- EXERCISE
Starting with the line that contains "M quina para", return every line through the end of the listing below exactly as written. Omit the pictures.
RECORDED INFORMATION: Begin
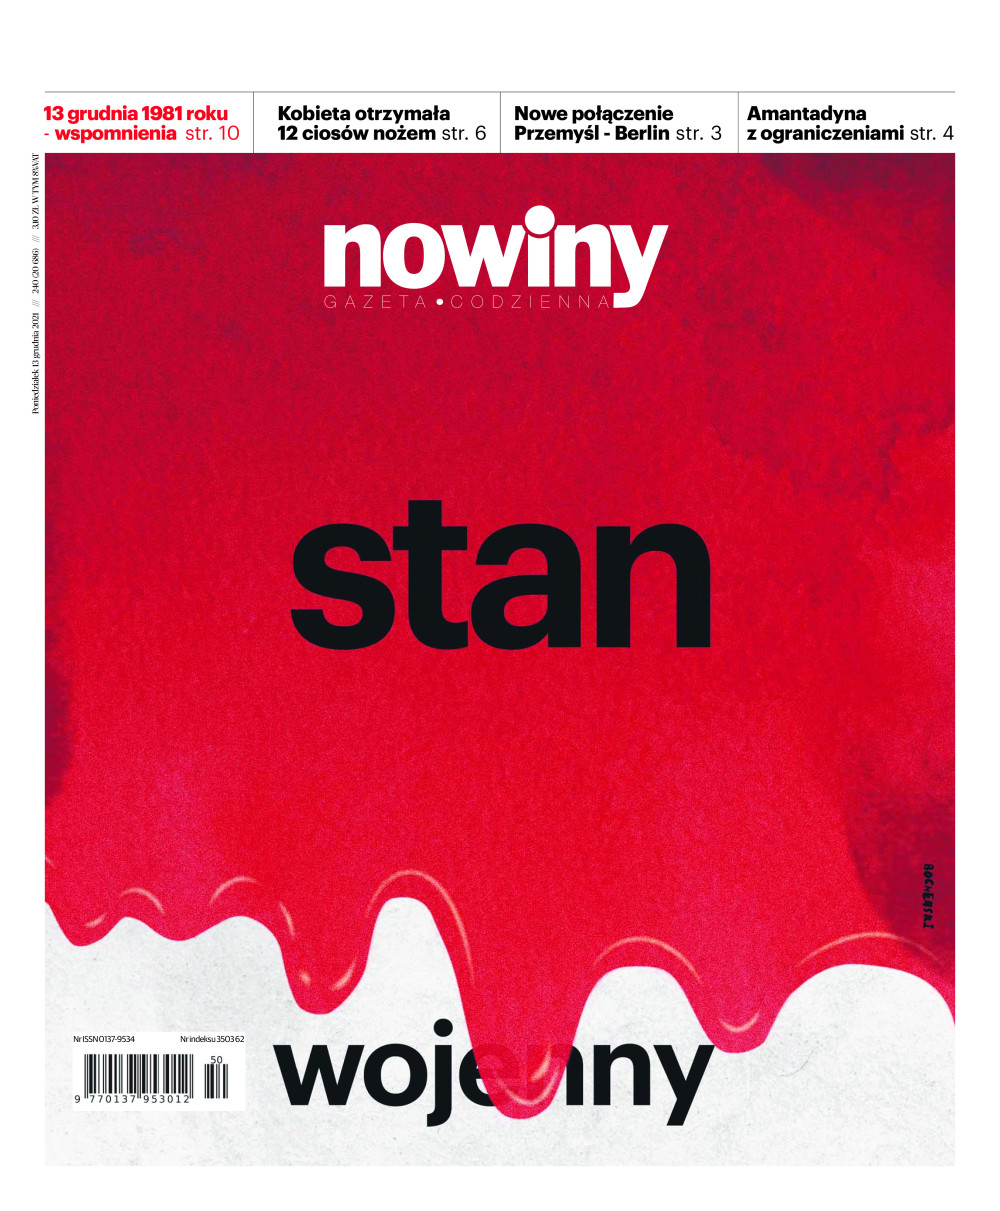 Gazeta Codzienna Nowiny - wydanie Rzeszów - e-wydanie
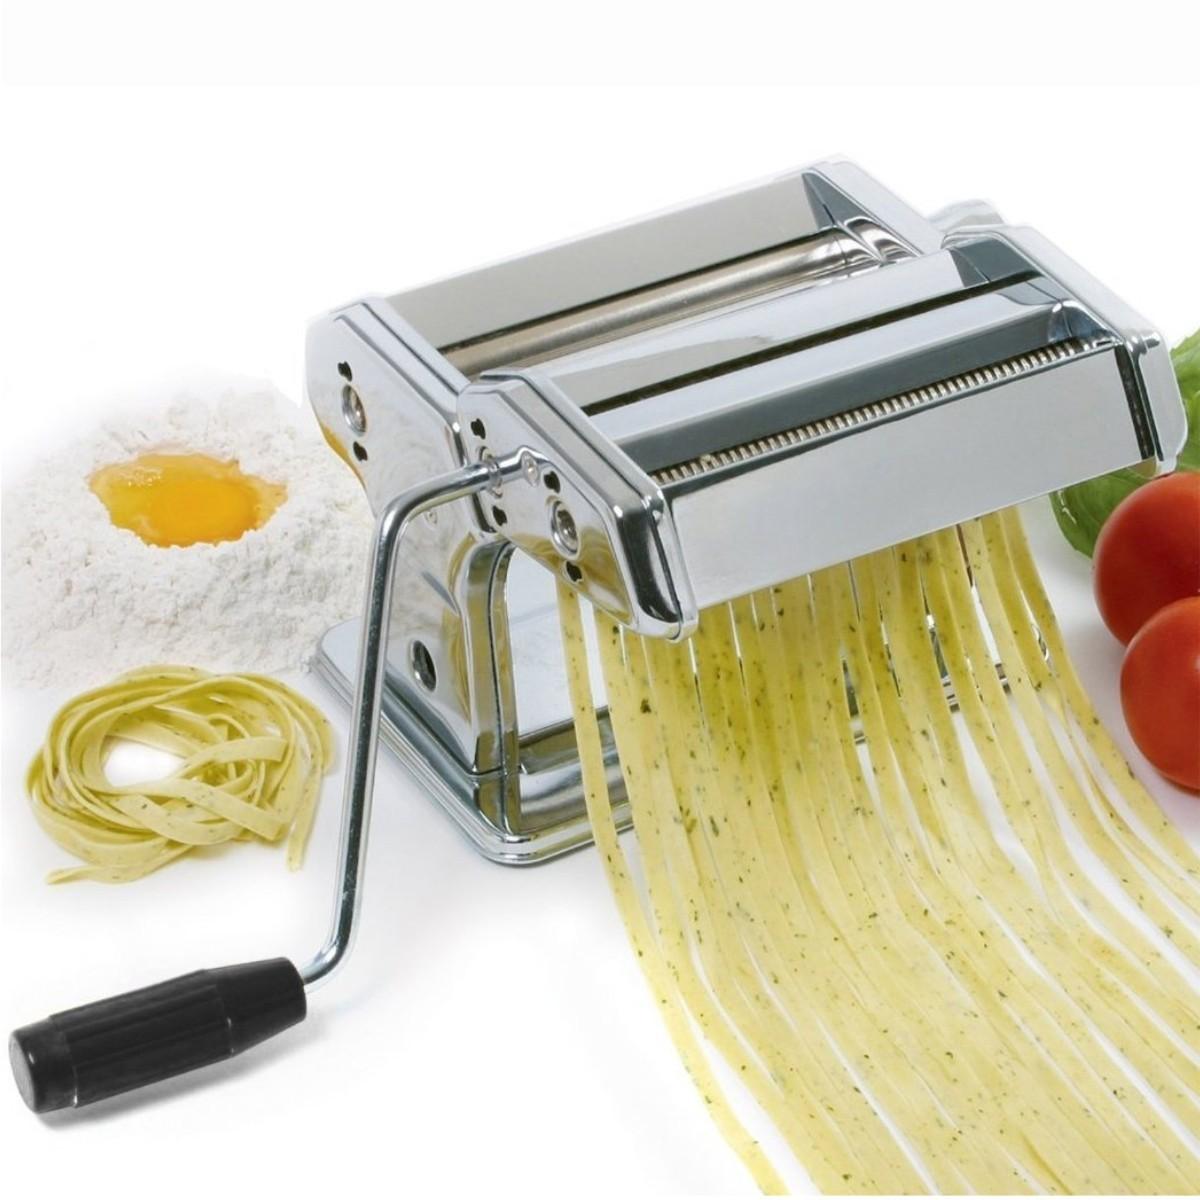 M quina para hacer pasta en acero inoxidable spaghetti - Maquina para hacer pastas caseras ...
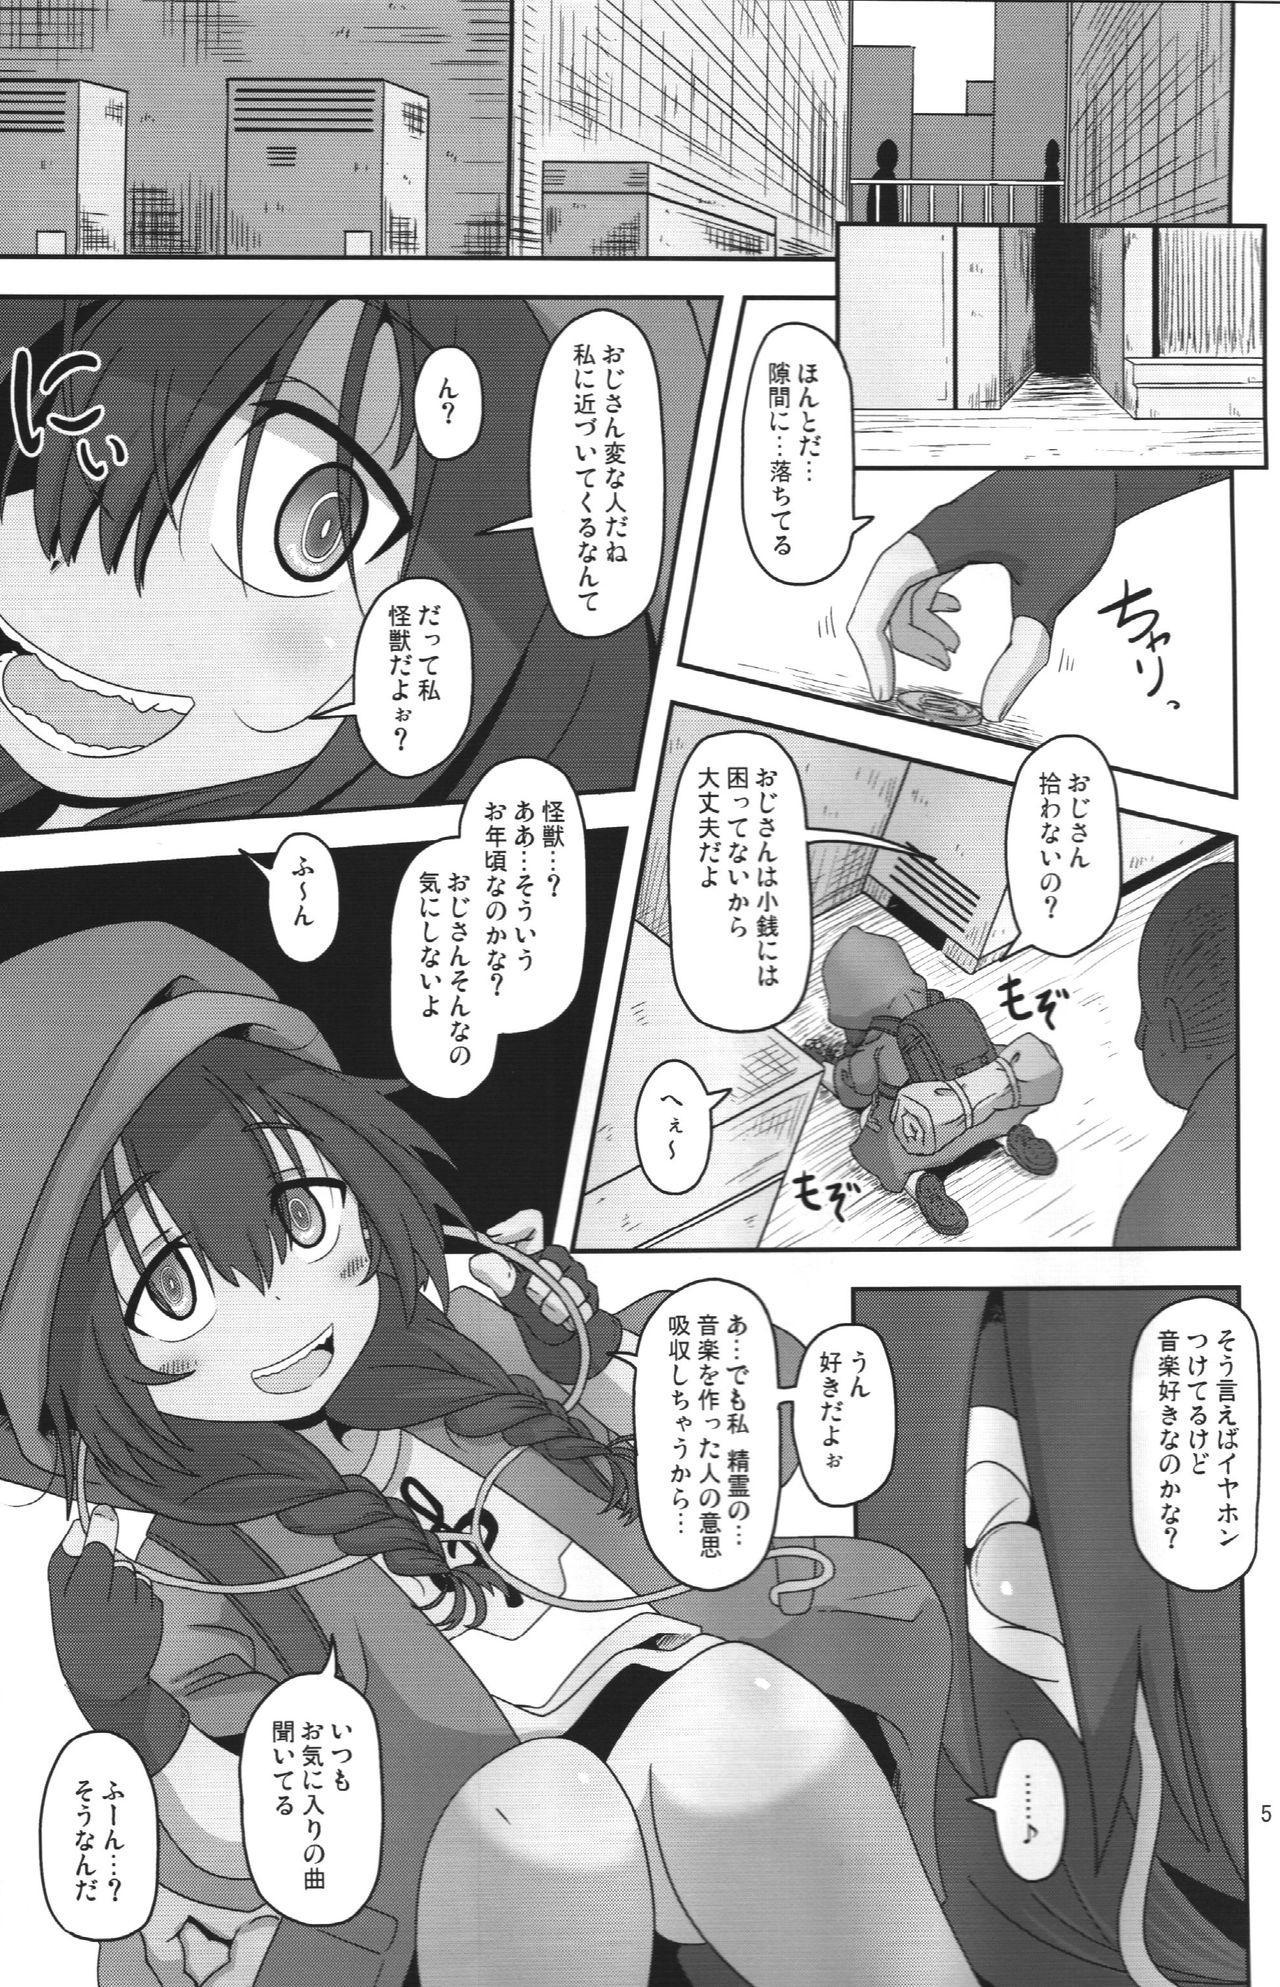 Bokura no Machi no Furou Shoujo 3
RECORDED INFORMATION: End
- TASK RESULT
 M quina para hacer pasta en acero inoxidable spaghetti - Maquina para hacer pastas caseras ...
 Bokura no Machi no Furou Shoujo 3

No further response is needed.